Sunday, February 17, 2013

Doggie Daycare


                Grace has never liked when I left for work. She disappeared when the time came for her to get in her crate, and I’d find her curled up on her bed in my room. She pretended to be asleep, her eyelids drooping. She wanted me to think that she’d be good and she’d sleep on her bed all day.
                But I know better than to trust my dog. She’s got a lot of puppy left brewing inside her, and she can’t help herself sometimes. If I left her home alone and out of her crate one day, I’d come home to a layer of stuffing-snow on the carpet and shredded cloth everywhere.
                Eventually she’ll be mature enough to wander the house while I’m out. Eventually being the keyword there.
                My new, albeit temporary, job means I’m out of the house forty hours a week. Eight hours a day could be considered a long time for Grace to be cooped up inside her crate. Mom thinks that at least, and she suggested we increase the days she goes to doggie daycare during the week.
                So Grace heads off to East Bridgewater twice a week instead of once.
                Grace approaches doggie daycare the same way she approaches her crate at bedtime: pulling, whining, and insisting until she gets exactly what she wants. The moment the car turns down the long, single lane driveway with trees encroaching on both sides, Grace starts bouncing in the back of the car. She pings off the sides of the car and whines like a mad woman.   
                She would leap from the back of the car the moment I opened the hatch, leaving me to scramble for the pink leash trailing behind her. I didn’t much like that, and we’ve come to an agreement that she’s not to hop off the tailgate until I tell her she can.

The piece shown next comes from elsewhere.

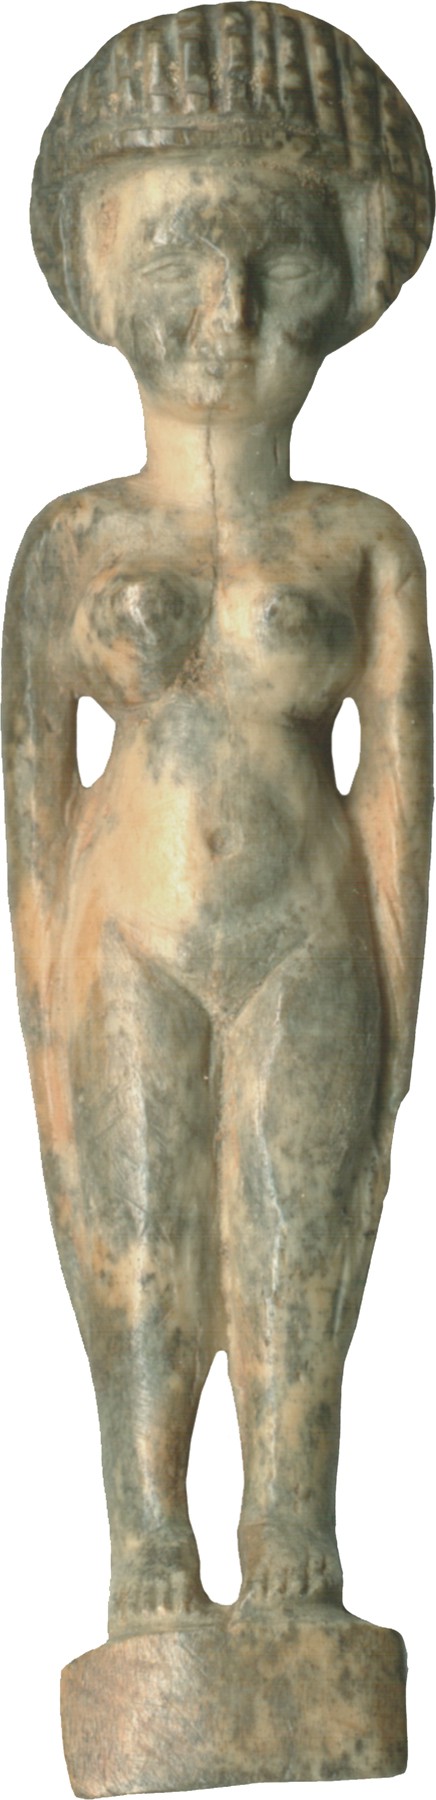 Nude Female Figure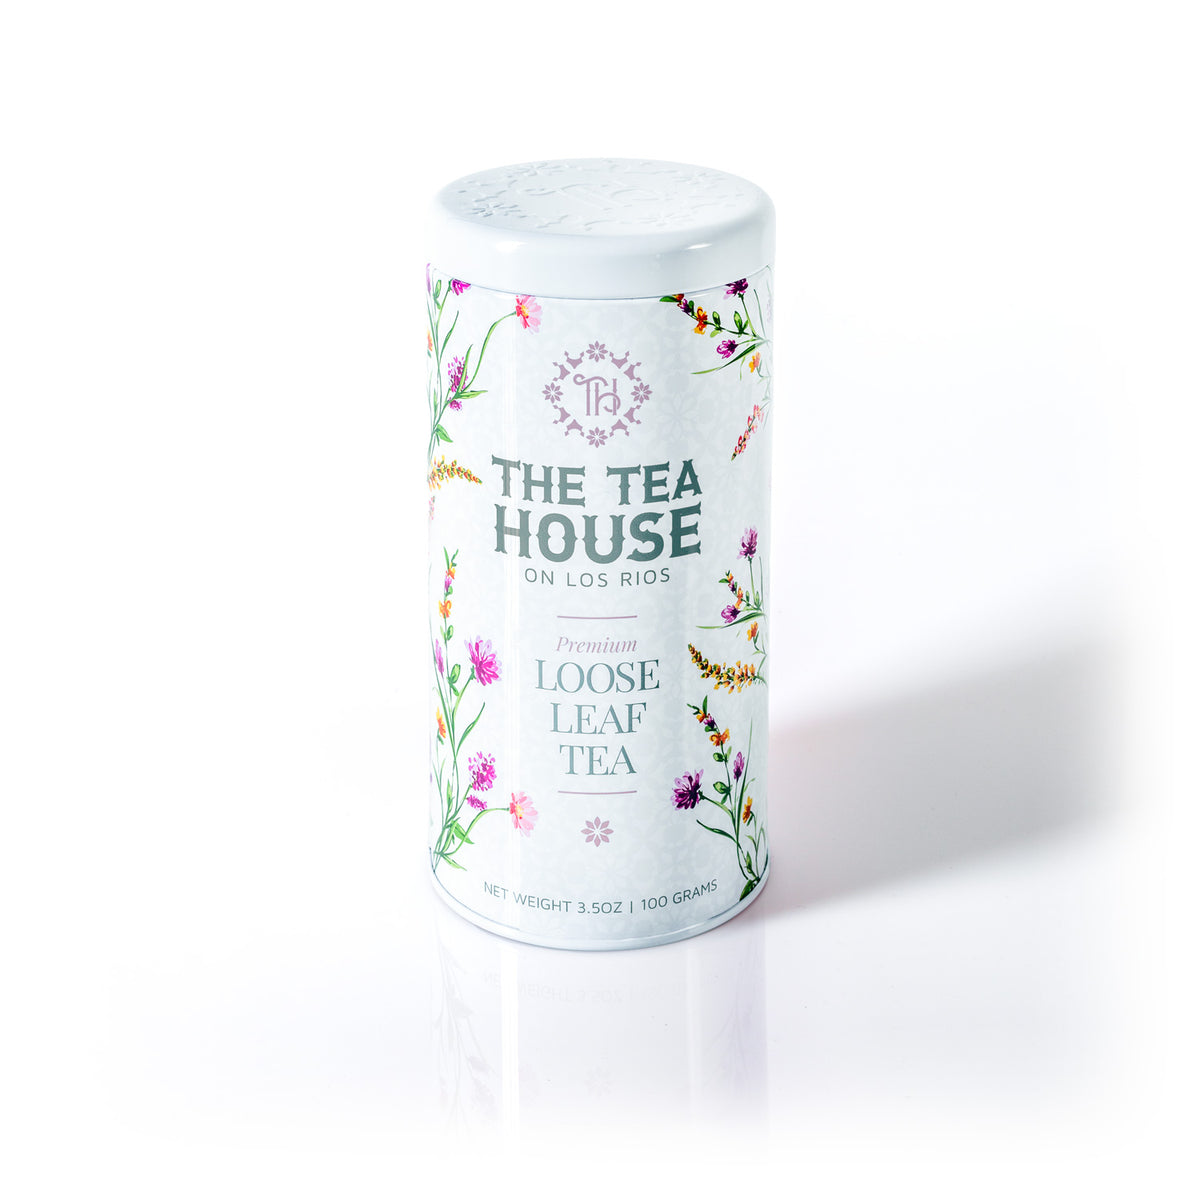 NEW Tea House on Los Rios Loose Leaf Tea Tin 100g

                Because of my schedule, Dad drops her off in the mornings and Mom picks her up. In the ten hours between, Grace plays and runs and wrestles with the other dogs. She wears herself out; back at home, she settles herself into her bed and only wakes up long enough for a bathroom run before bedtime.
                I love my sleepy puppy. I love how she smells of the indoor room at daycare: the smell of disinfectant mixed with a faint stale scent. I love how she looks at me from behind her half-closed while curled in her bed. I love the sound of her snoring from across the room.
                This full time job in Plymouth probably won’t last much longer, and I occasionally need to keep whispering Ohio to myself as a reminder of long term goals just to get through the day. I may not be enjoying the uncertainty of a temporary job or of exactly what will happen in the coming months. But coming home to a sleepy puppy and knowing that she had the time of her life today makes my day a little bit better.